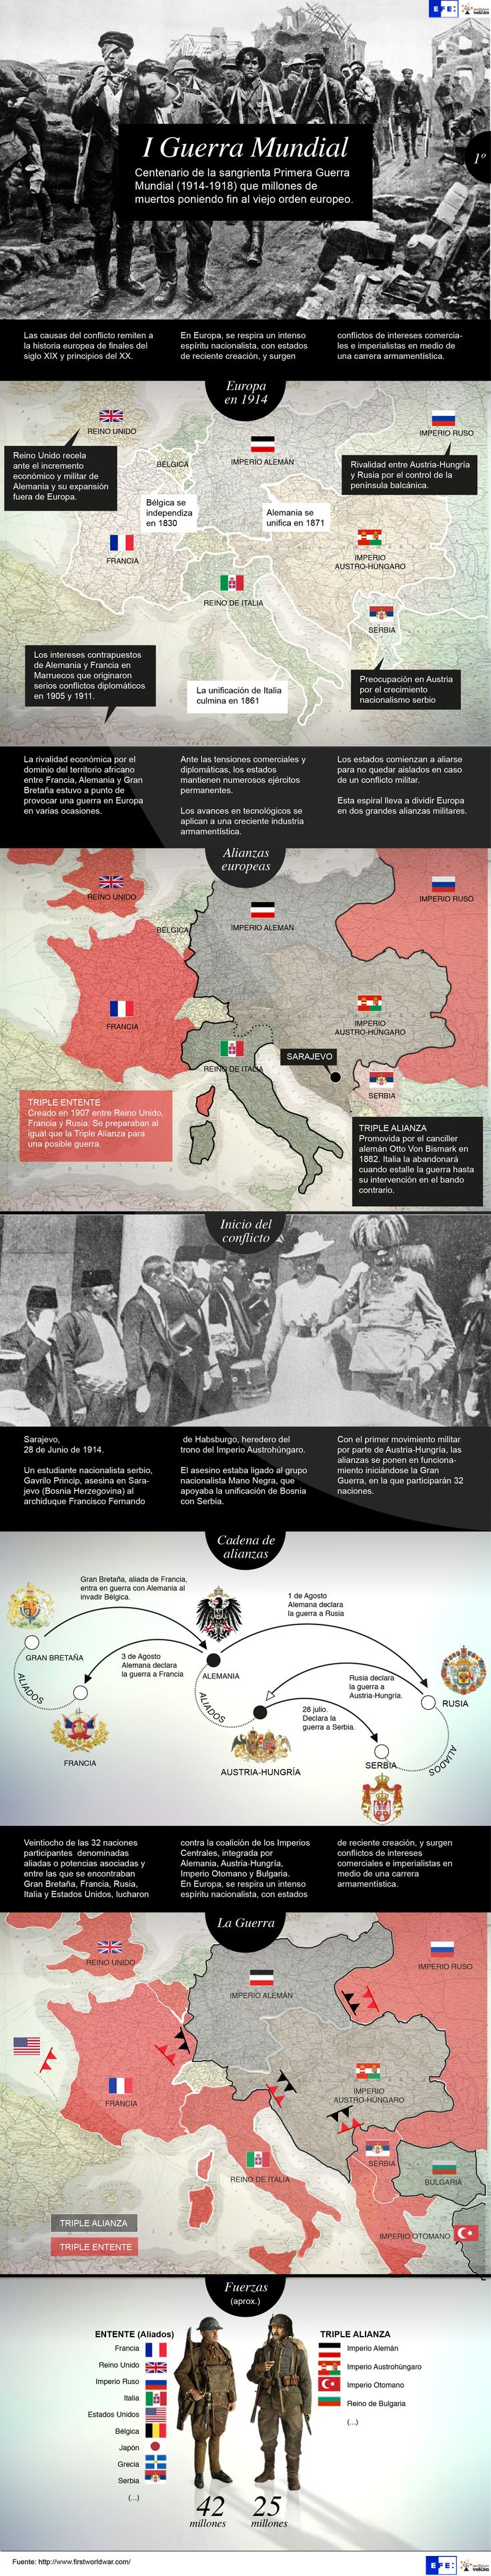 Primera Guerra Mundial. Europa en 1914. Agencia EFE.
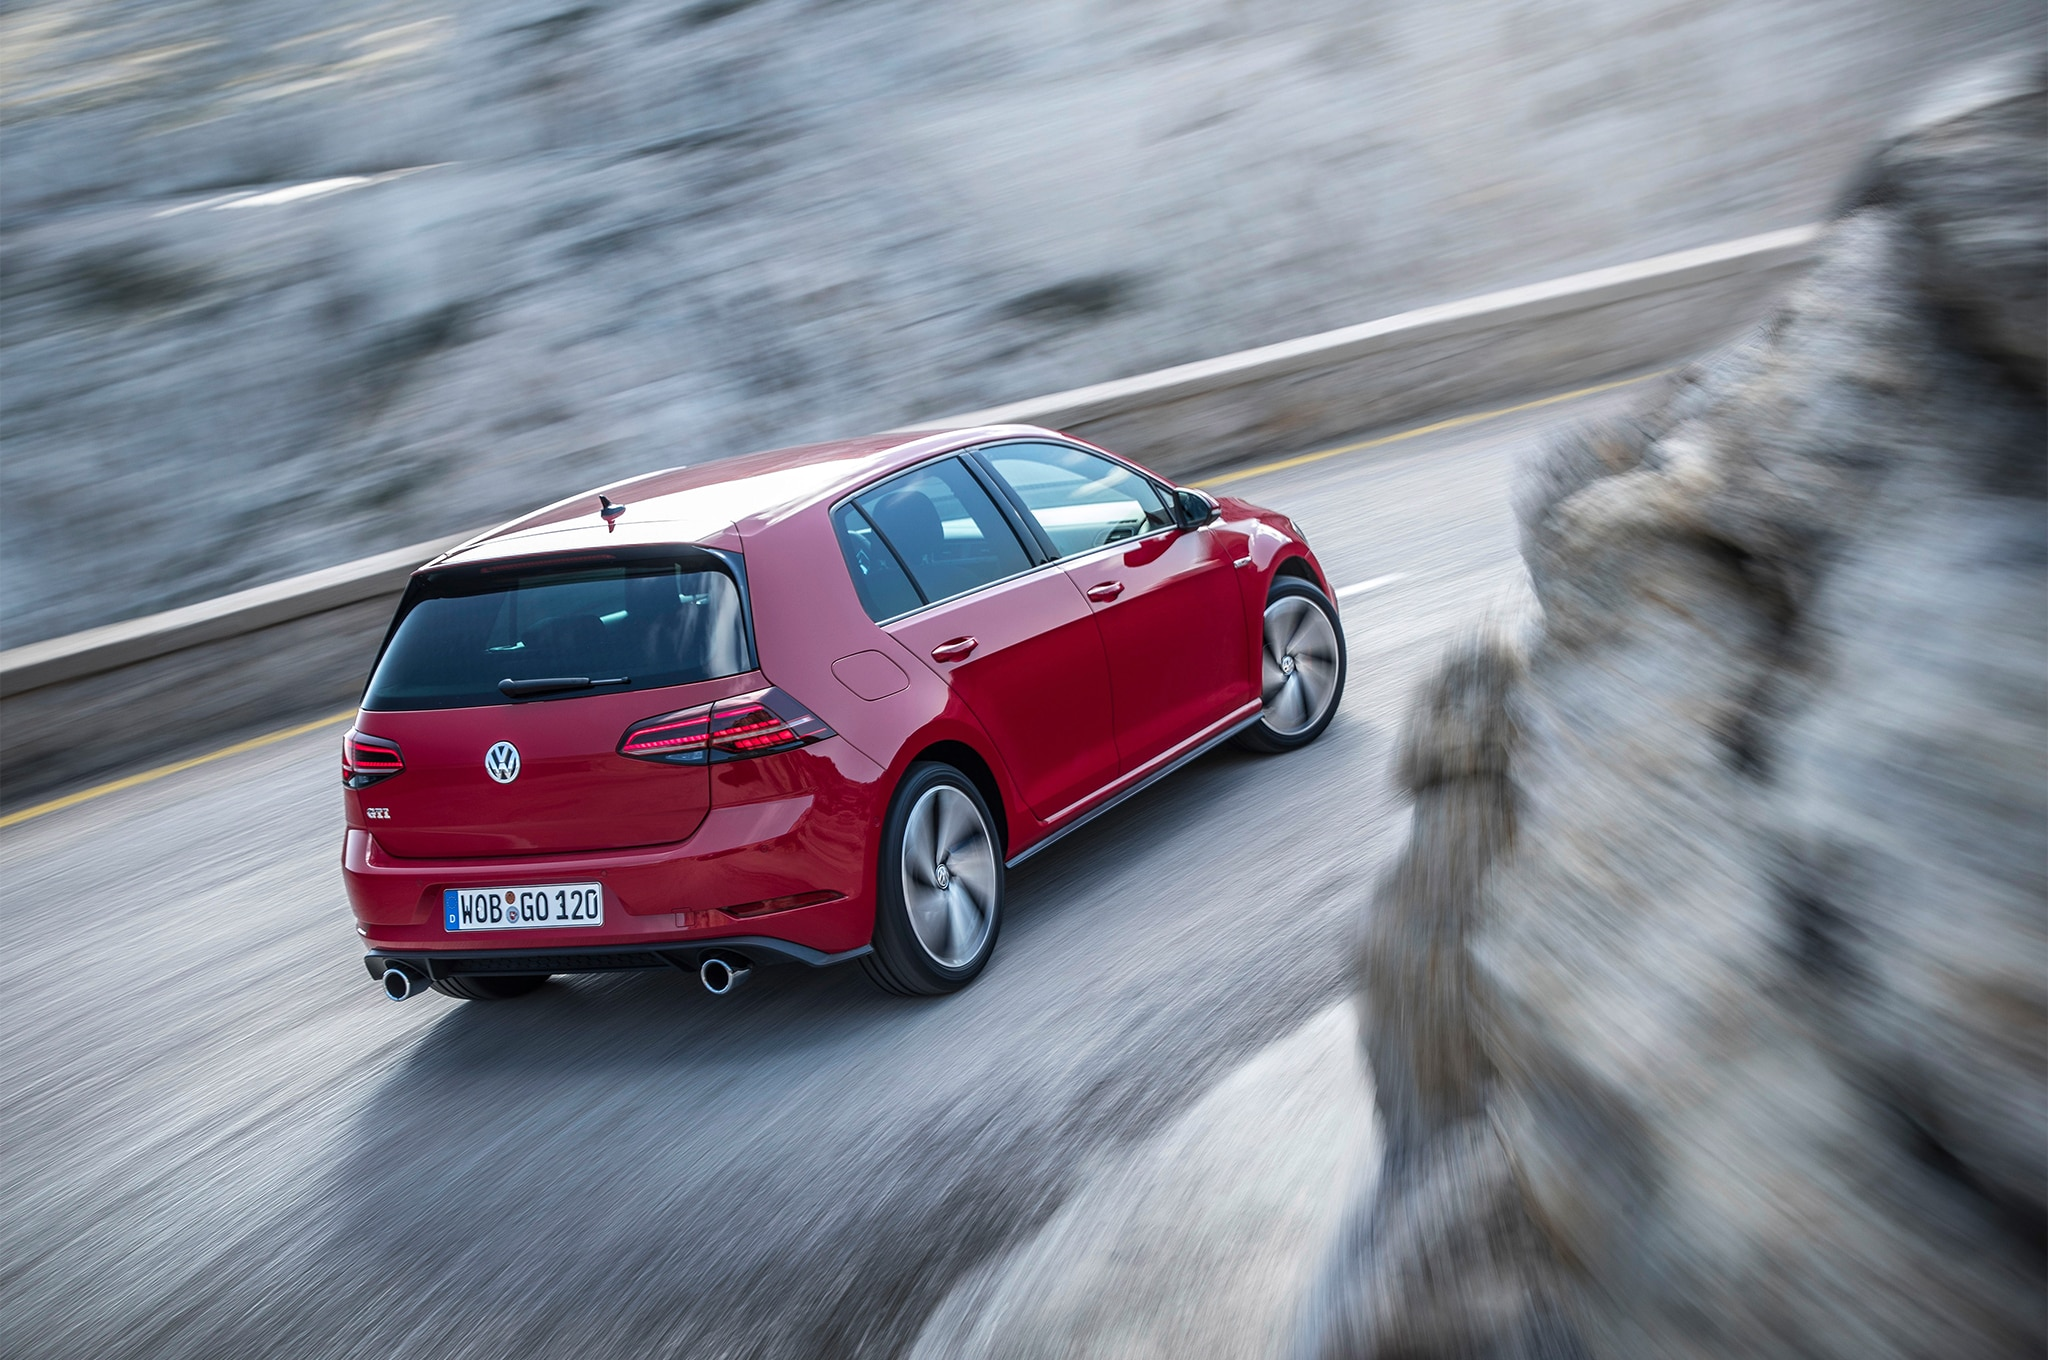 Vw Gti 0 60 >> 2018 Volkswagen Golf GTI European Spec | Automobile Magazine
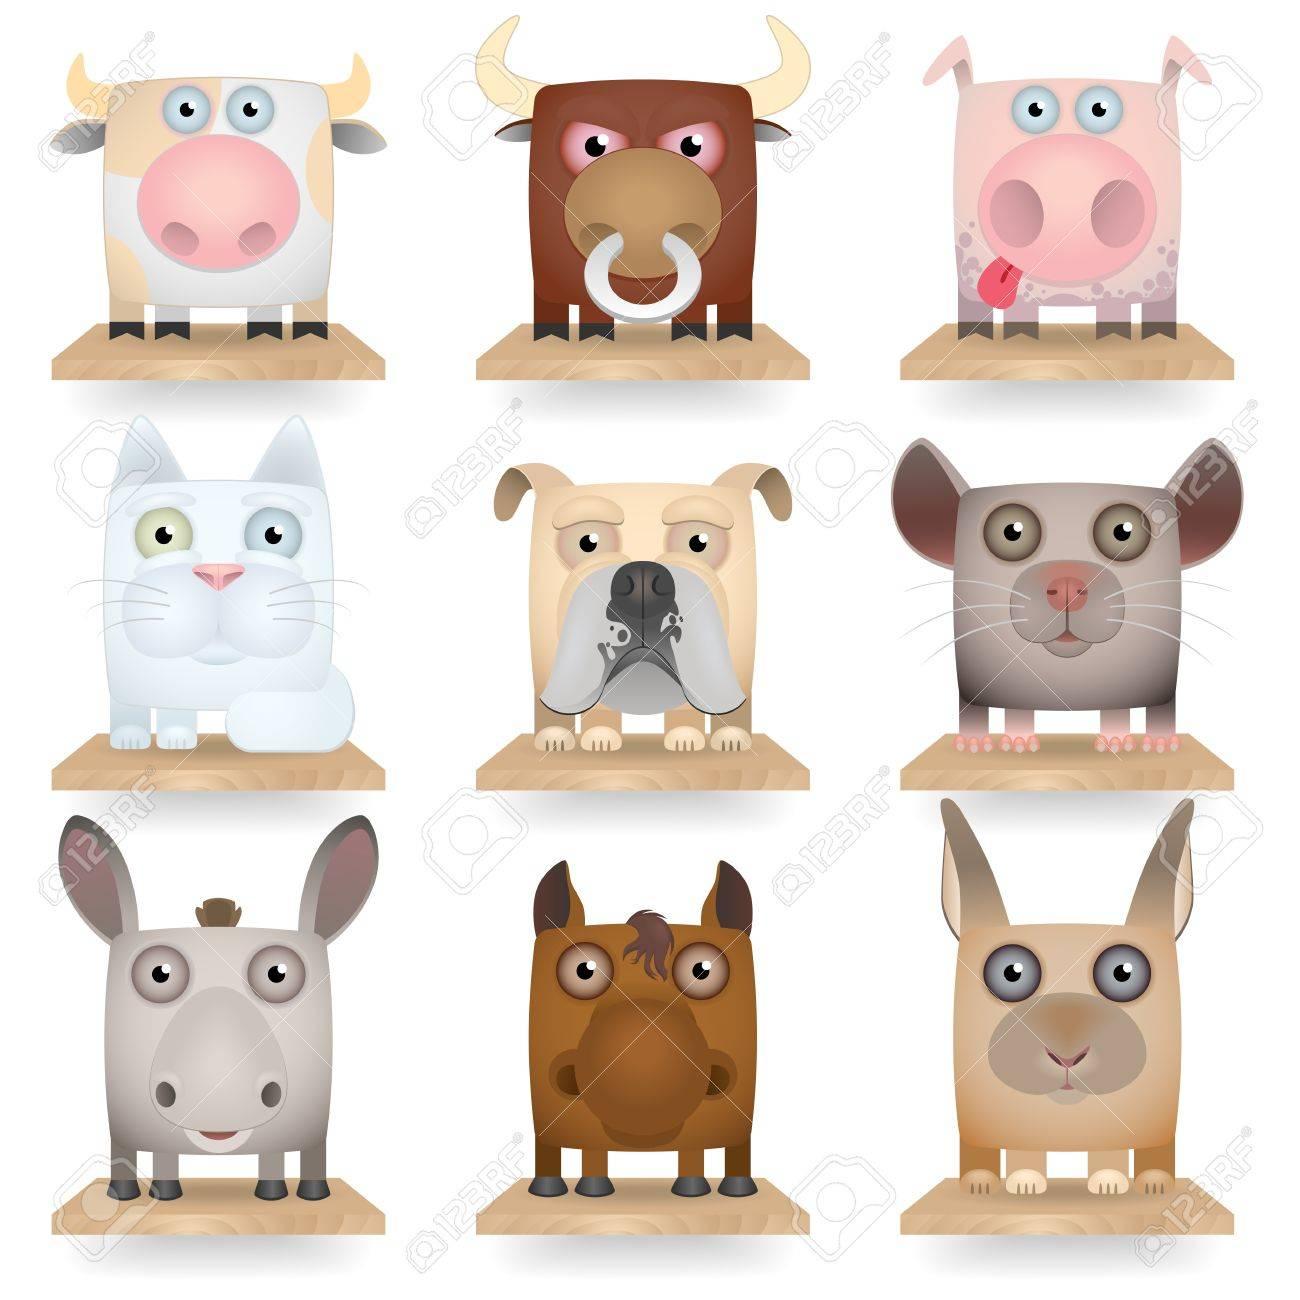 Domestic animals icon set Stock Vector - 17356869

———

→ What to work on
The response should restate the material above word for word and contain no pictures.

→ Answer box
 Primera Guerra Mundial. Europa en 1914. Agencia EFE.
 Vw Gti 0 60 >> 2018 Volkswagen Golf GTI European Spec | Automobile Magazine
 Domestic animals icon set Stock Vector - 17356869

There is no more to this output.